Real estate billionaire Sam Zell predicted Tuesday that office space will recover much more quickly than retail properties from their current pandemic levels, as workers return to the office once Covid-19 becomes “less of a risk”— though he noted hybrid arrangements are likely to stay.
Zell, founder and chairman of private investment group Equity Group Investments, said in an interview on CNBC he thinks office space will likely fill once Covid-19 poses less of a risk to workers, adding he thinks office space will “recover much quicker than retail.”
Zell was more skeptical about retail spaces like malls, saying there’s a “serious question as to [retail’s] viability,” adding he thinks it is much more of a “falling knife” than office properties.
He predicted the speed of recovery for office space will be tied to thriving industries enticing and hiring more workers to work the office, but added he also thinks hybrid work will become commonplace.

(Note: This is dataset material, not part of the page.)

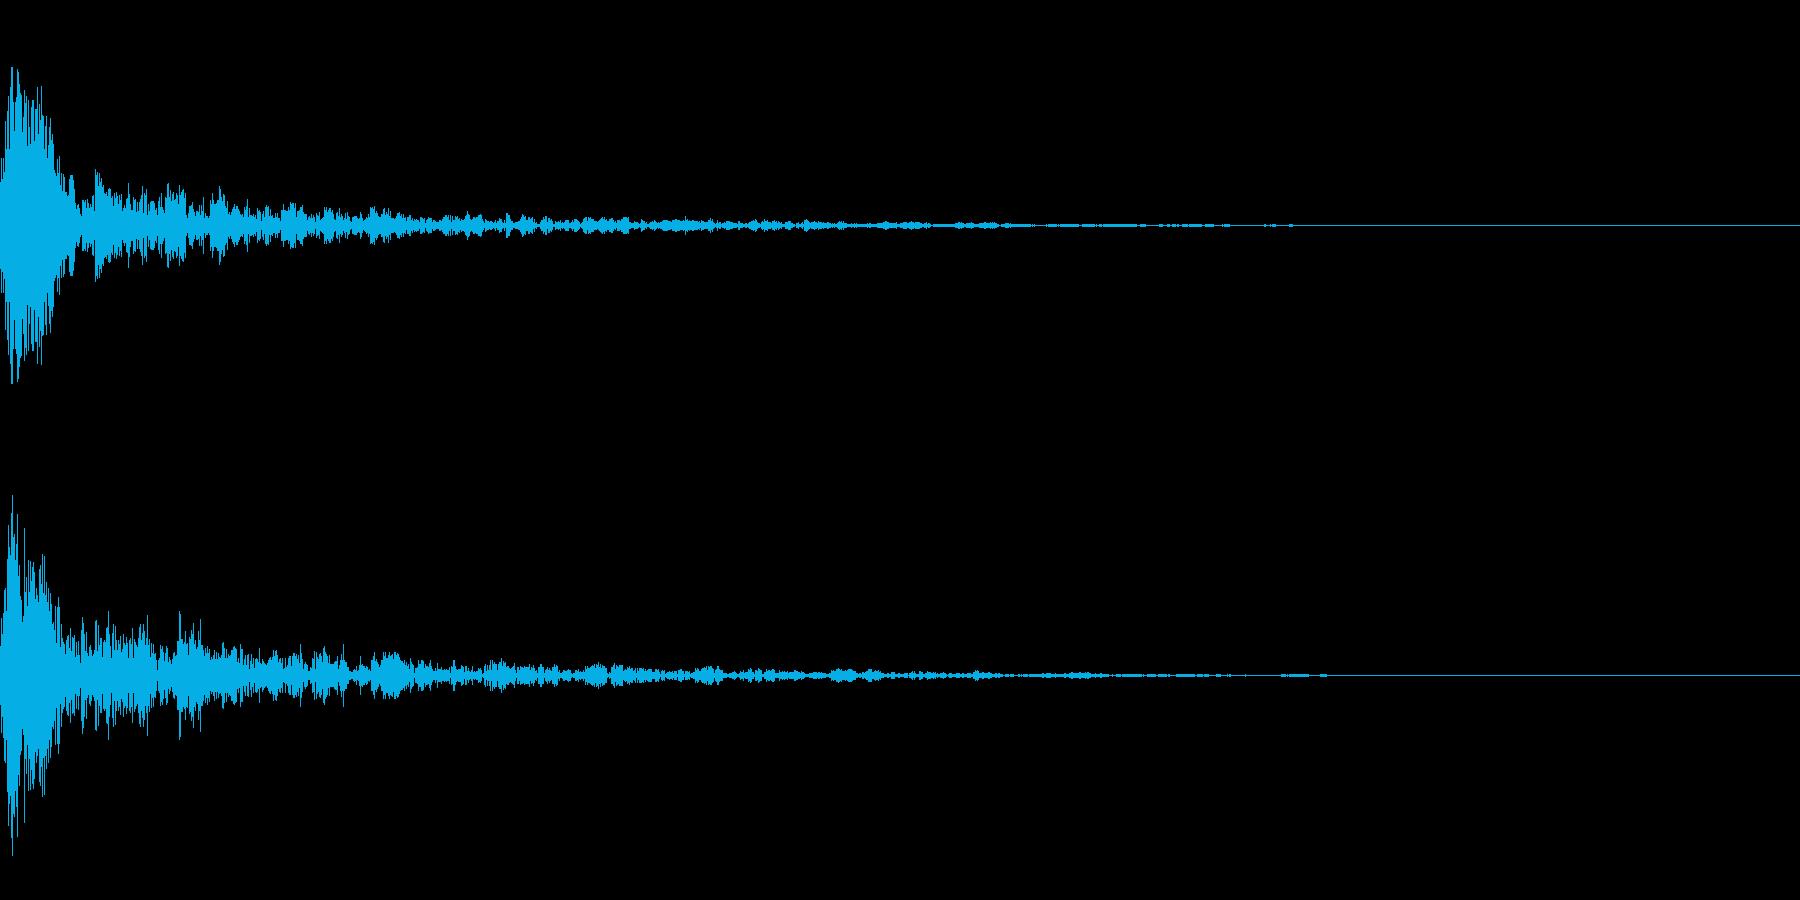 ドーン-16-1(インパクト音)の再生済みの波形

Obsolescence is a main factor for the office market, according to Zell, who said he thinks some offices will remain hard to sell without “significant investment,” noting the current disparity between office prices and office attractiveness, and how there has been “relatively little” change in pricing.
The amount of employees working in the office in major cities sharply declined due to the Covid-19 pandemic, which forced many employees to work from home. Before the pandemic, 75% of workers had never worked from home, according to the National Council on Compensation Insurance. But 71% of Americans who said their job responsibilities can be done from home reported they worked from home in 2020, according to Pew Research. As workers return to the office, demand for office space is rising from 2020 levels—in March 2021, demand across the country was 29% lower than average pre-pandemic levels for that month, a rebound from a 60% year over year decline in January, according to a VTS report. Many major companies, including Deloitte, Facebook, Google, Lyft, Salesforce and Uber, have moved to allow workers to work from the office if they are vaccinated, but do not require employees to work full-time in the office.
$5.8 billion. That’s how much Zell is worth, according to Forbes’ net-worth tracker.
The $39 billion sale of Zell’s portfolio of hundreds of office properties, REIT Equity Office, to Blackstone in 2007 is considered to be among the largest real estate deals in history.